It’s also important to realize that these are just guidelines. You don't have to play all of these hands if you don’t feel comfortable.

Also remember: Money you haven't lost is also money you've won...

First in (if no one has entered the pot before you)

Early position (UTG/UTG+1 and UTG +2):

• 22+ (22 and higher pairs, in this case: 22,33,44,55,66,77,88,99,TT,JJ,QQ,KK and AA)

• AQs+ (AQ suited and higher, in this case AK suited)
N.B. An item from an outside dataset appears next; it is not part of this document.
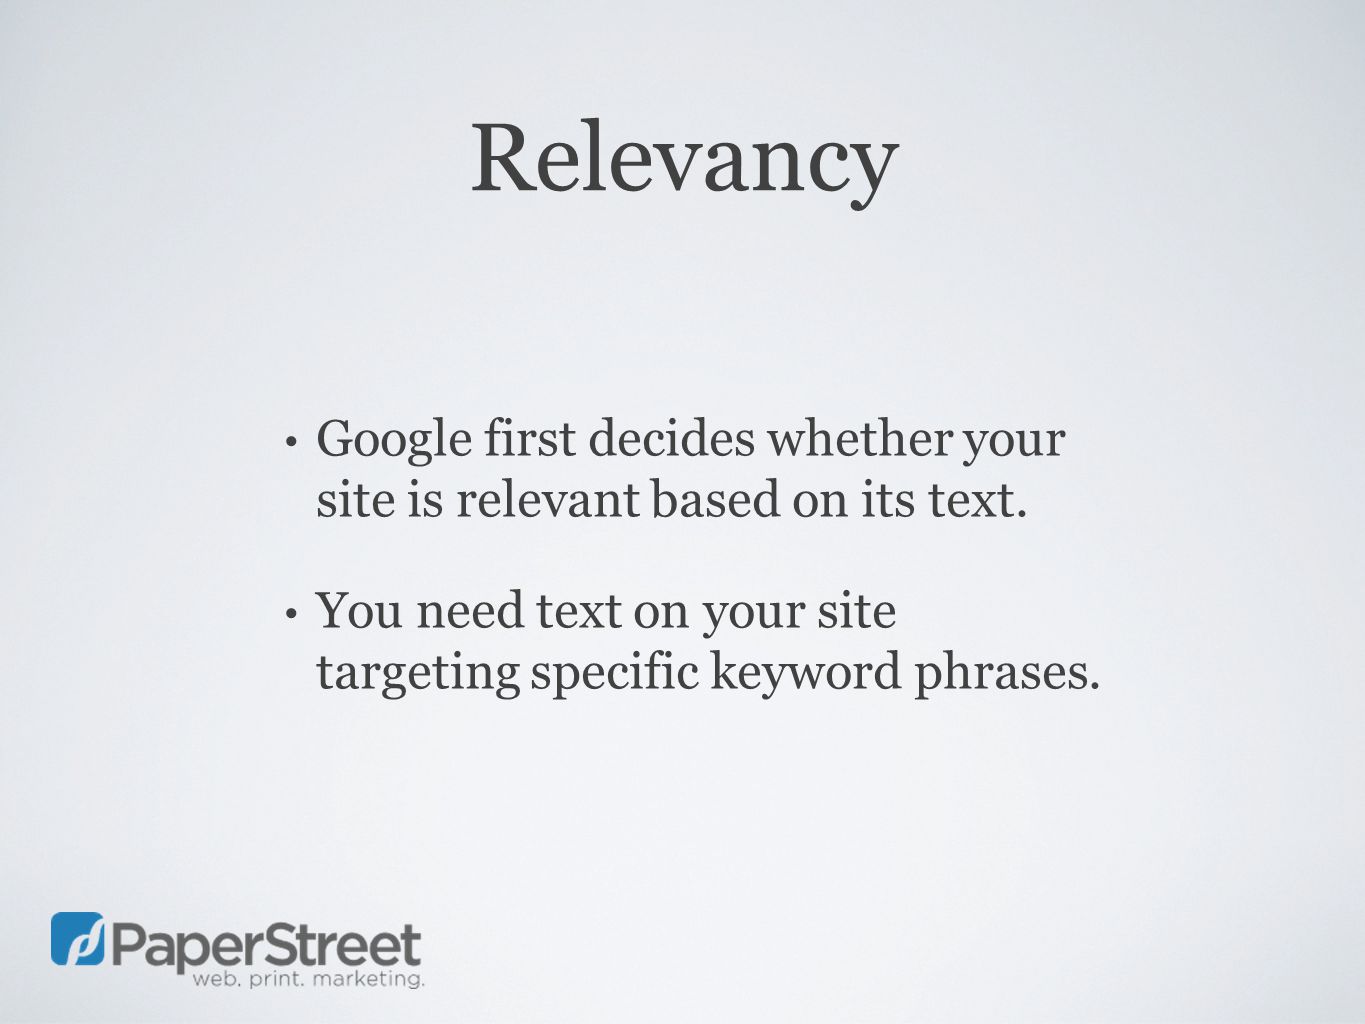 Relevancy Google first decides whether your site is relevant based on its text.

• AQo+ (AQ unsuited and higher, in this case AK unsuited)

MP1 & MP2:

• 22+,

• AJs+, KQs

• AJo+, KQo

HJ:

• 22+

• A8s+, KJs+, QJs, 78s+

• ATo+, KJo+, QJo+

CO:

• 22+

• A2s+, K8s+, Q9s+, J8s+, 56s+, 57s+

• A2o+, K8o+, Q9o+, J8o+

BTN:

• 22+

• A2s+, K2s+, Q7s+, J8s+, 56s+, 57s+, 47s+

• A2o+, K2o+, Q7o+, J8o+, T8o+

SB:

• 22+

• A9s+, KJs+, QJs, 78s

• A9o+, KJo+, QJo

BB:

• 22+

• A9s+, KJs+, QJs, 78s

• A9o+, KJo+, Qjo

Raise-Size First In:

A standard raise size from most positions is 4x the big blind. Only when in late position (CO and BTN) should you raise 3x the big blind.
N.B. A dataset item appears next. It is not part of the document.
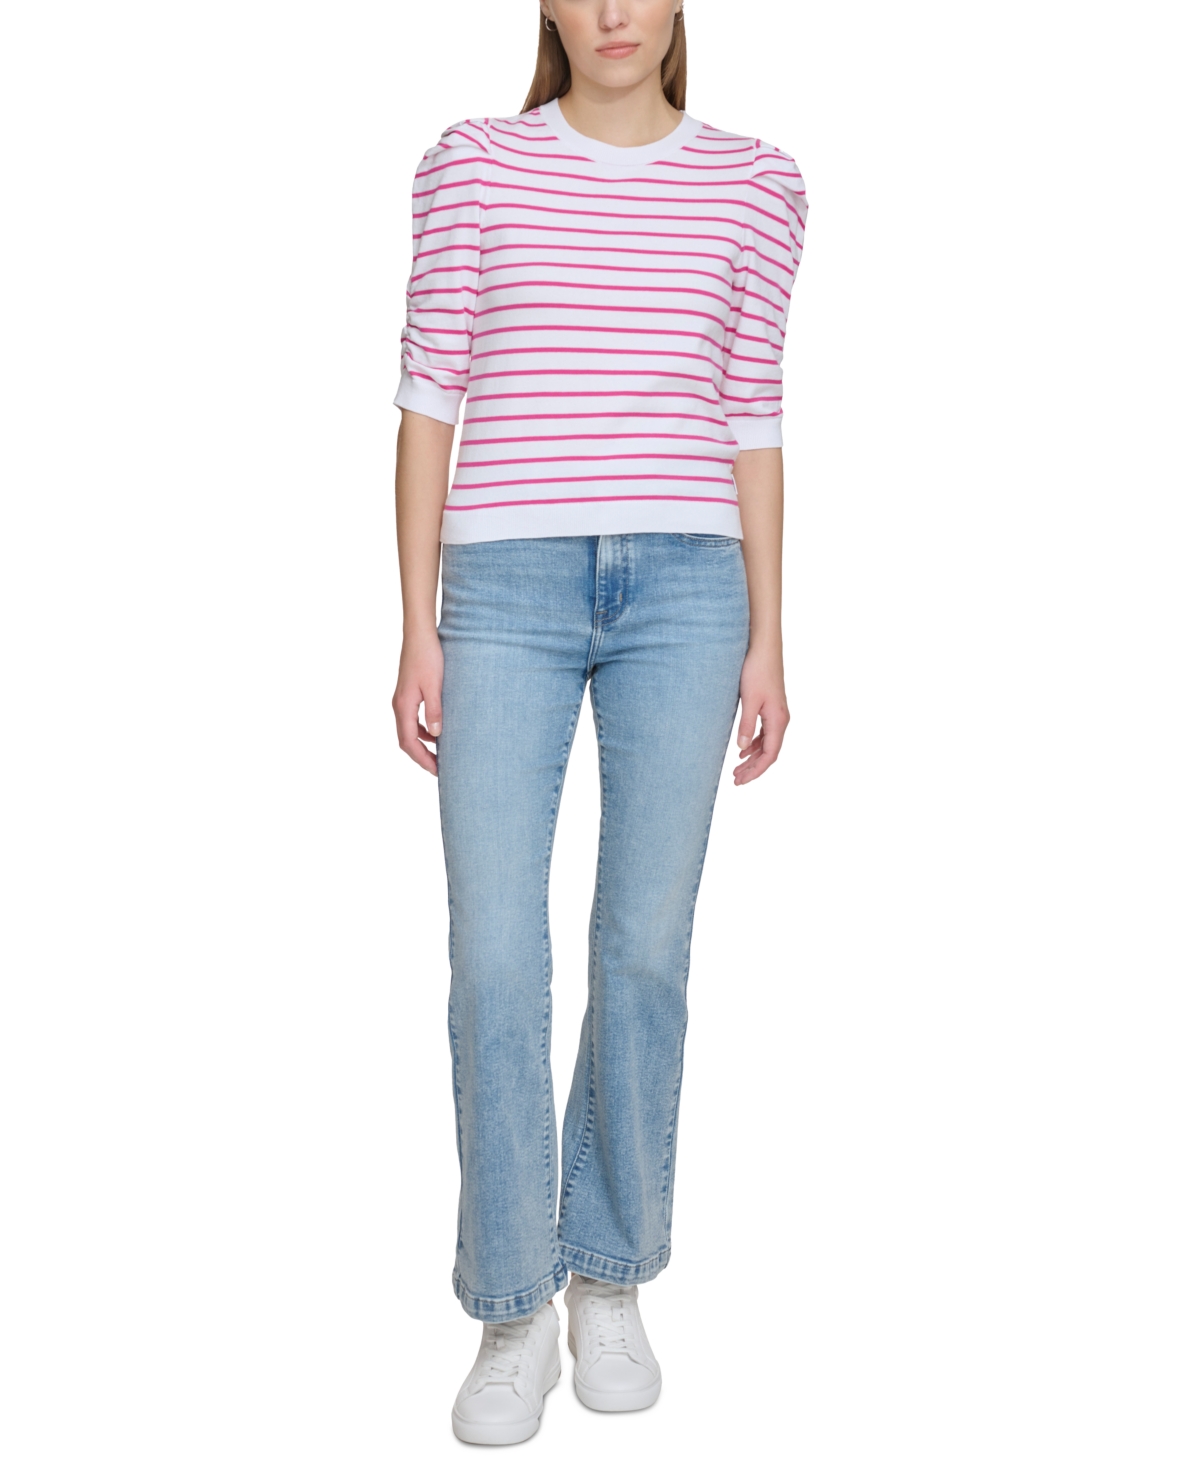 Women's Striped Ruched-Sleeve Crewneck Top - White/Shocking Pink

Play when there are limpers

The same ranges count for when there are limpers (callers) in front of you. When there are limpers in front of you this doesn't mean you should limp behind. It’s still better to raise to take the initiative.
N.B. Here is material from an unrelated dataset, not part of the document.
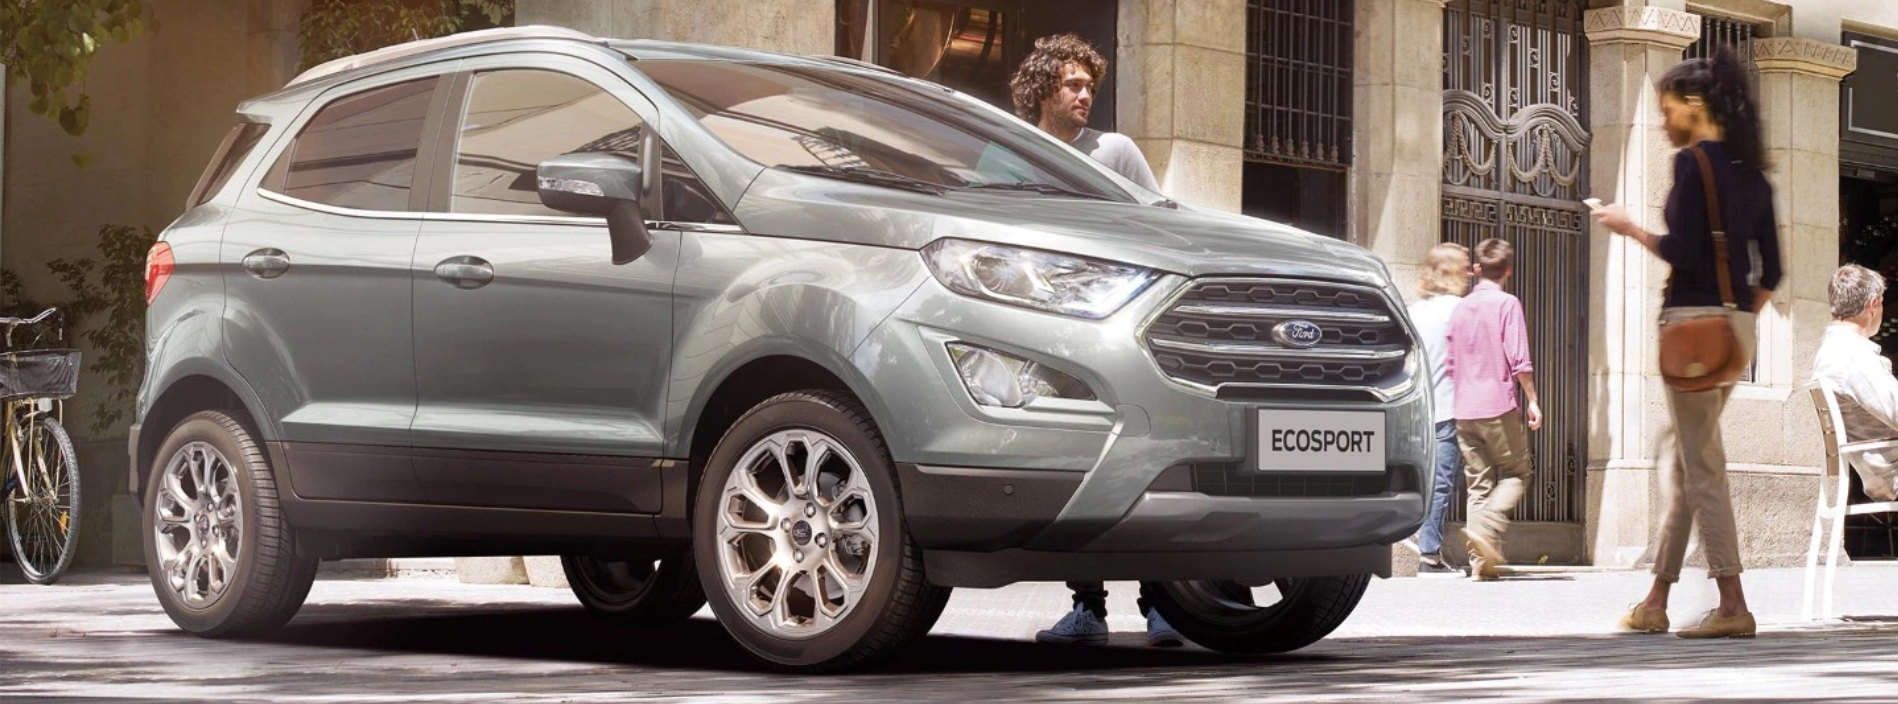 ford ecosport renting

The only adjustment you should make is to not play the bottom (lowest part) of your range. Reason for this is the chances are high the limper(s) will still call your pre-flop raise.

Raise size when there are limpers:

Chips
Stick to standard raise sizes more often than not.
 

When there are limpers and you’re in position you should raise 4x the big blind plus 1 big blind per limper.

When there are limpers and you’re out of position you should raise 4x the big blind plus 1 big blind per limper, but also add another big blind since you have the disadvantage of playing out of position.

When someone else raises first

In this case you have three options: re-raise (3-bet), call or fold.

Before we discuss the different options, remember the importance of having initiative. You want to 3-bet or fold much more than you call since calling is a passive play that gives the advantage back to your opponents.

There are, however, situations where calling is the best option.

In Part 2 of our Microstakes Pre-Flop Strategy Guide we’ll look at those exceptions along with an in-depth look at when, how and how much to 3-bet.


Questions and/or hands for analysis are welcome in the comments below. Purchase BlackRain79's groundbreaking book Crushing the Microstakes right here.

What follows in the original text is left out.